**WORK ORDER:** Repeat every line of the listing below exactly, minus the pictures.

### DATA EXTRACT ###

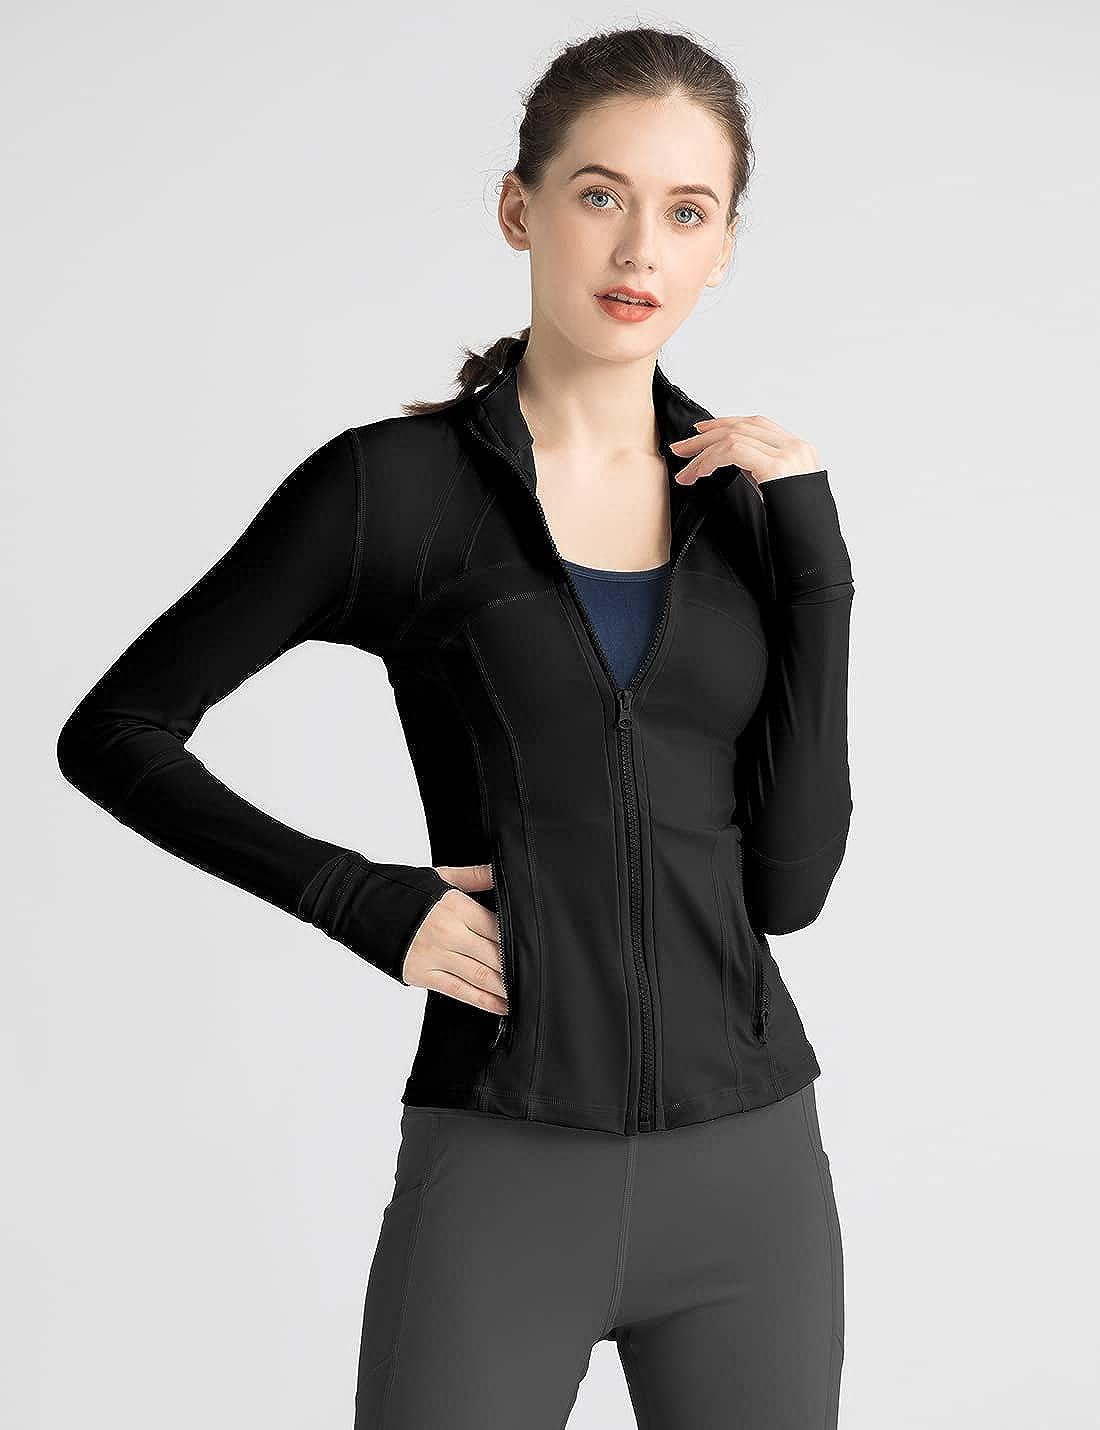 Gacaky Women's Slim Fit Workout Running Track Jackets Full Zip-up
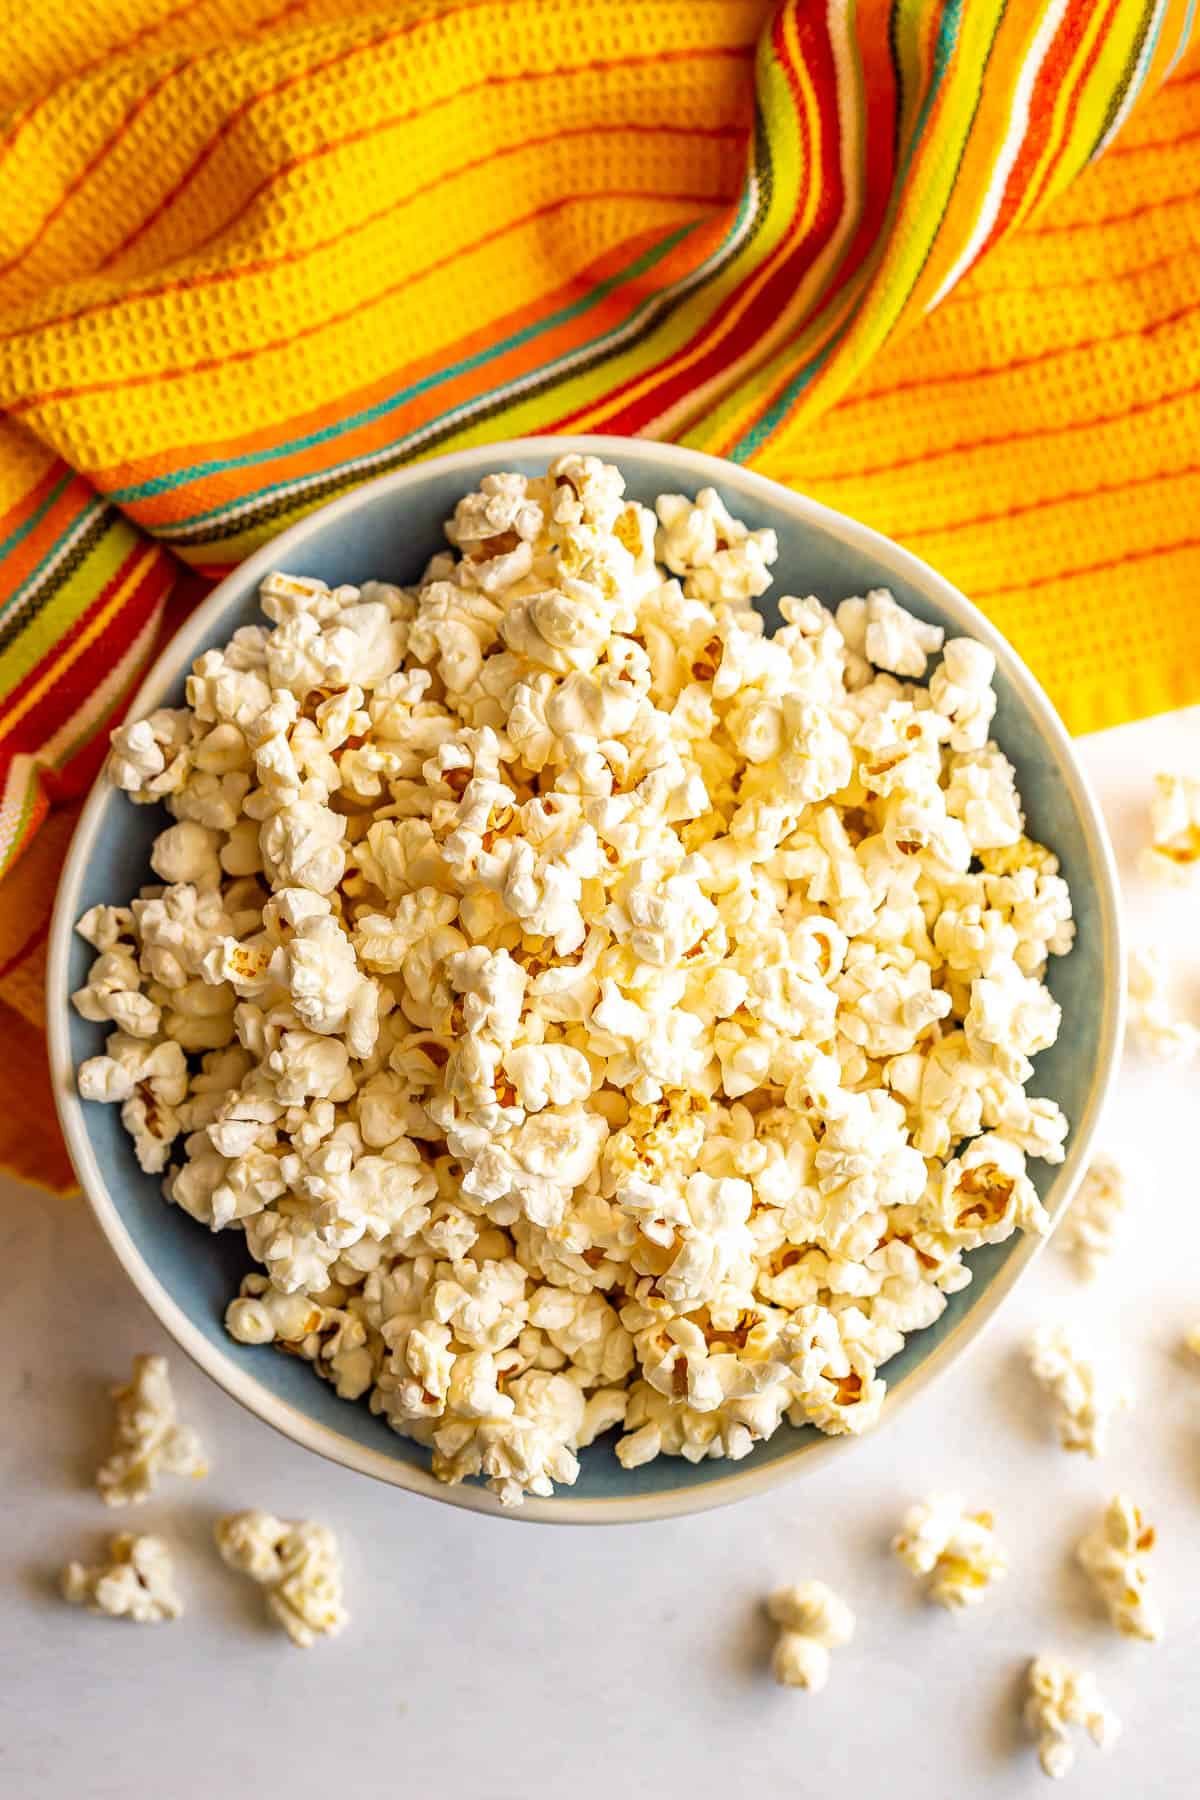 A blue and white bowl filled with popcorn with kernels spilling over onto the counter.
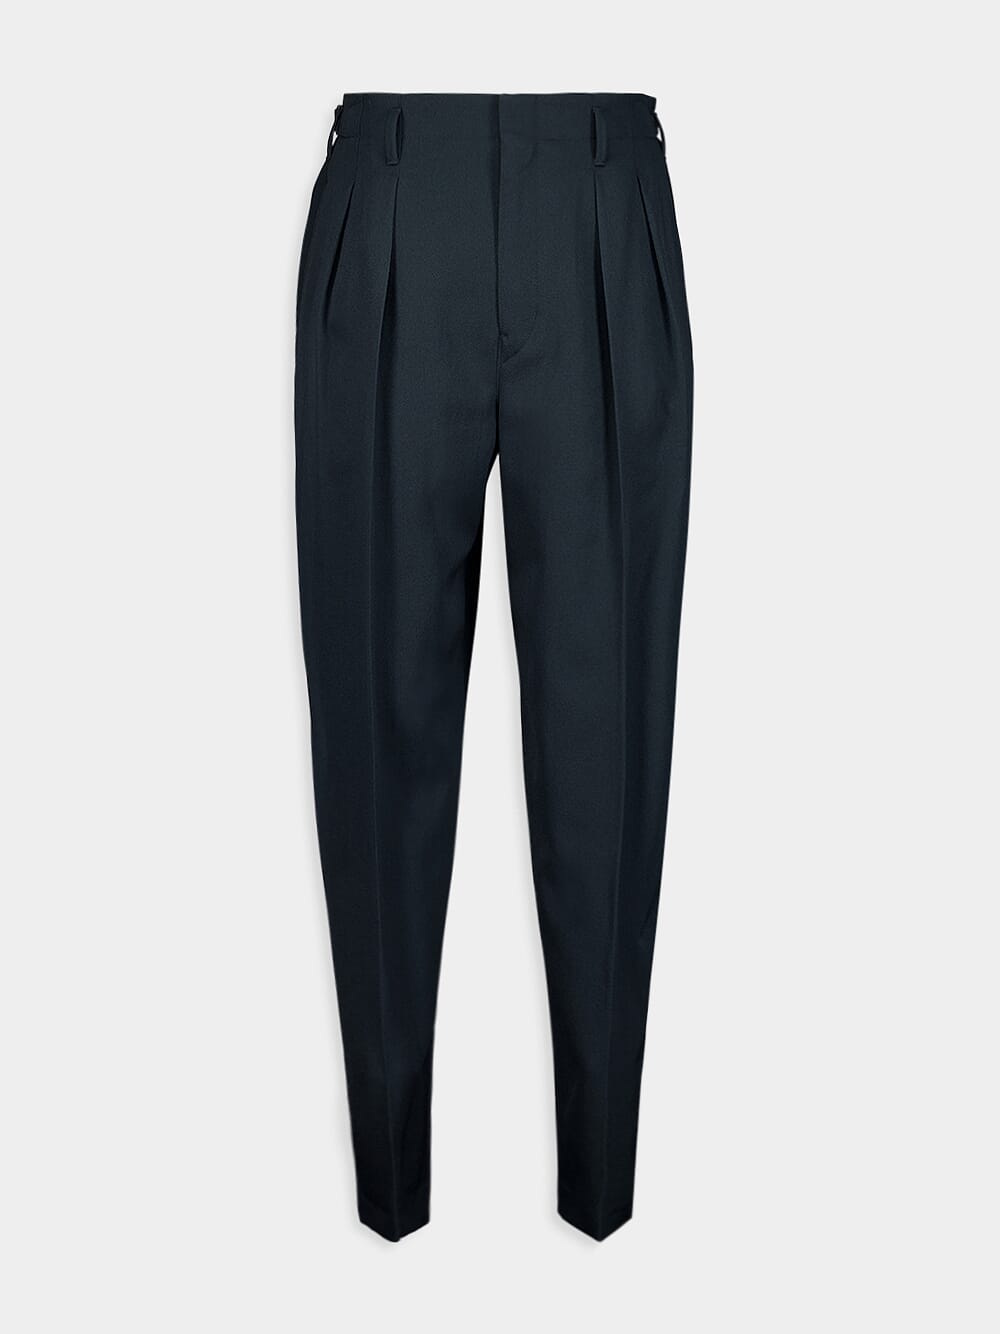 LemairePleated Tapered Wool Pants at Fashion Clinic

###

**WRITTEN ANSWER:**
 Gacaky Women's Slim Fit Workout Running Track Jackets Full Zip-up
 A blue and white bowl filled with popcorn with kernels spilling over onto the counter.
 LemairePleated Tapered Wool Pants at Fashion Clinic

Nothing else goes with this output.